In 2017, three visiting PhD students at DeepMind’s Edmonton research office published a paper that changed the history of game-playing AI. Their system, DeepStack, became the first artificial intelligence to defeat professional players at no-limit Texas hold ‘em poker — a game of imperfect information, bluffing, and probabilistic reasoning that had long resisted the approaches that conquered chess and Go.

Nearly a decade later, those same three researchers have turned DeepStack’s core ideas toward a different game with much larger stakes: financial markets. Their company, EquiLibre Technologies, has raised a Series A led by Creandum — the largest single investment the Swedish VC firm has ever made — at a reported $500 million valuation. The Prague-based startup says its algorithms have maintained a perfect record of zero negative months since deployment, trading billions in daily volume across the S&P 500 and Nasdaq in partnership with quant giant Tower Research Capital.

The Team Behind DeepStack

Martin Schmid (CEO), Rudolf Kadlec (CTO), and Matej Moravcik (CSO) built DeepStack while visiting DeepMind’s first international AI research outpost in Edmonton, Alberta. The lab, which Alphabet shut down in 2023, was at the time one of the world’s most concentrated nodes of AI talent. The trio’s poker AI achievement was published in Science in 2017 and instantly elevated them to the front rank of reinforcement learning researchers.

The connection between poker and financial trading is more than metaphorical. Both involve sequential decision-making under uncertainty, incomplete information about opponents’ positions, and reward signals that are unambiguous but delayed. In poker, the score is chips won or lost per session. In trading, as Schmid puts it: “The nice thing about trading and markets is that the scoring is super simple: how much money did the agent make?”

This directness of reward signal is precisely what makes financial markets an attractive domain for reinforcement learning. Unlike supervised learning applications, where you need labeled training data, RL agents learn by doing — they take actions, observe outcomes, and update their strategies. The poker research demonstrated that RL agents trained through self-play could develop strategies that outperformed human intuition in complex, adversarial, imperfect-information environments. Markets are exactly that.

From Poker Tables to Trading Desks

EquiLibre’s algorithms were initially deployed in cryptocurrency markets in 2025, where liquidity conditions, 24/7 operation, and data richness made them an ideal proving ground. The track record built in crypto — zero negative months since inception — gave Tower Research Capital the confidence to extend the partnership to equity markets.

Tower Research Capital is one of the world’s largest and most sophisticated quantitative trading firms, responsible for significant daily volume across global exchanges.

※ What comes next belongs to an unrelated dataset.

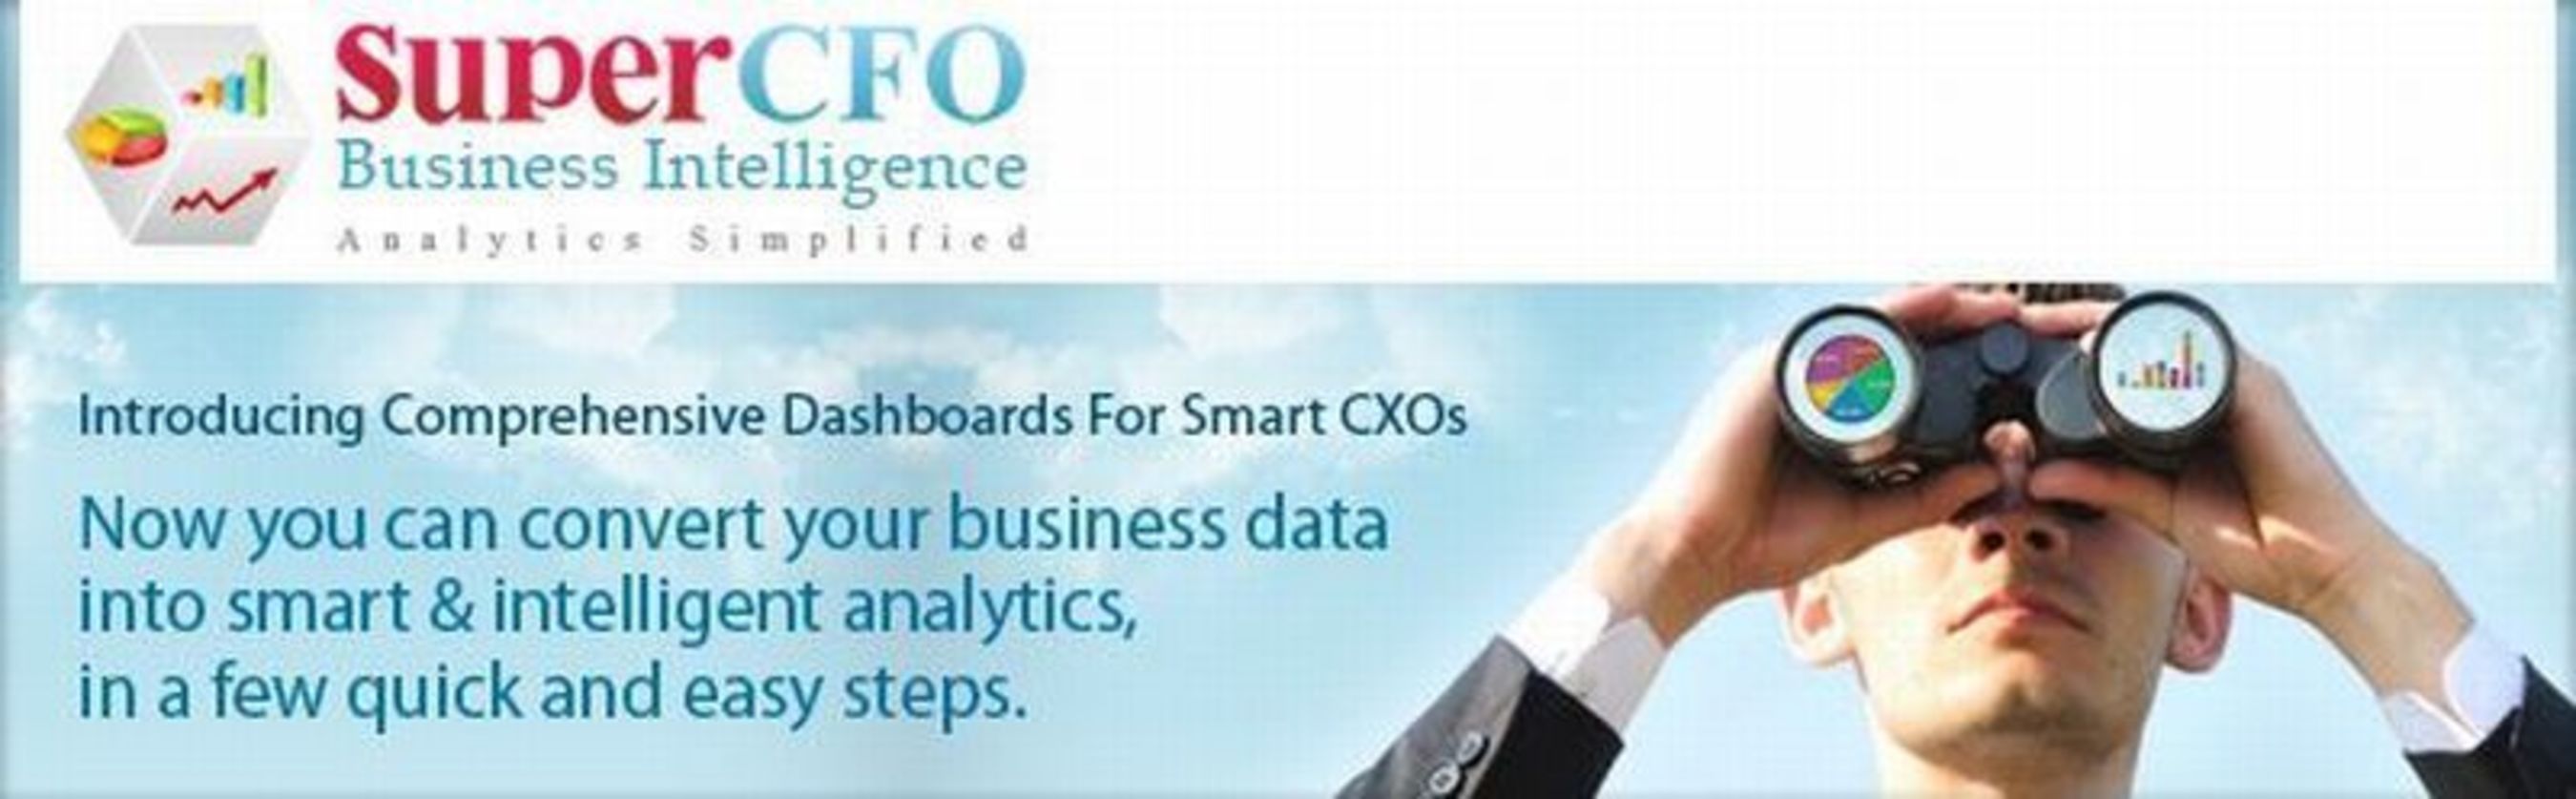 SuperCFO BI: Convert your business data in smart & intelligent analytics (PRNewsFoto/SuperCFO)
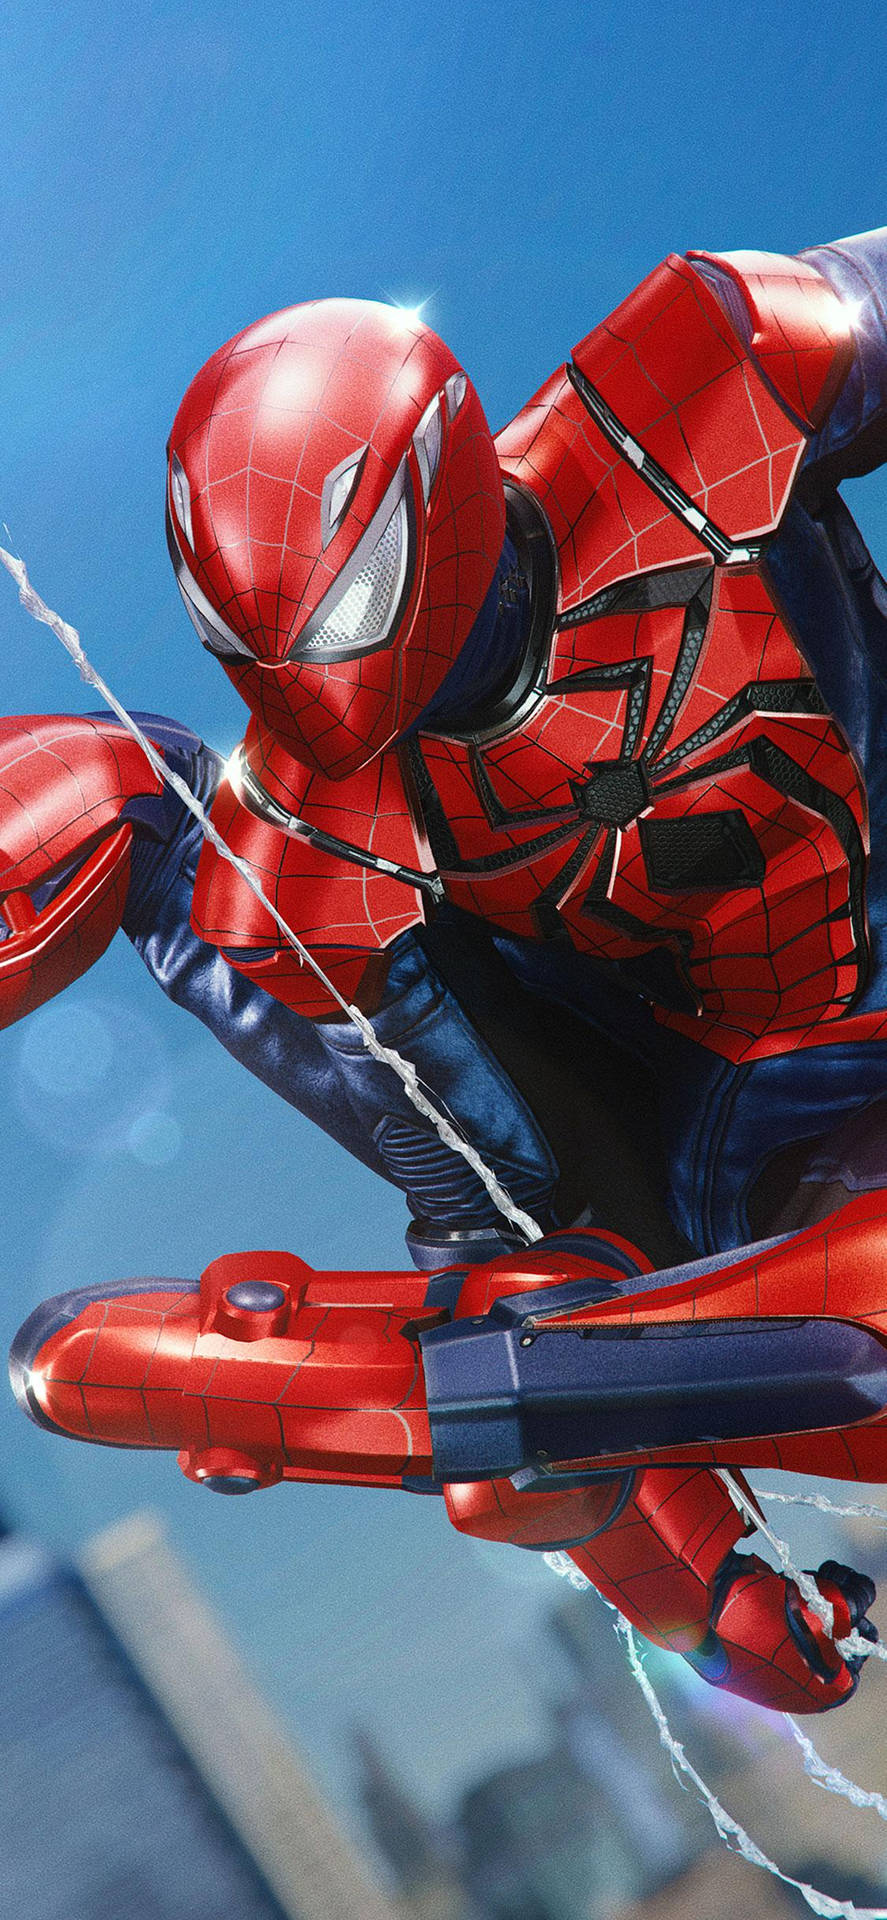 Armor Spider Man Iphone Wallpaper

The firm’s willingness to integrate EquiLibre’s RL-based agents into live equity trading — managing “billions in daily volume” across the S&P 500 and Nasdaq — is itself a significant institutional endorsement. Tower doesn’t experiment with unproven technology on live capital at that scale.

The specific strategies EquiLibre employs are not publicly disclosed, as is standard in quantitative trading. The firm’s competitive advantage lies in the approach — self-learning models motivated by financial reward signals, applying the imperfect-information game theory developed for poker to the perpetual adversarial game of price discovery — rather than any single trade or algorithm.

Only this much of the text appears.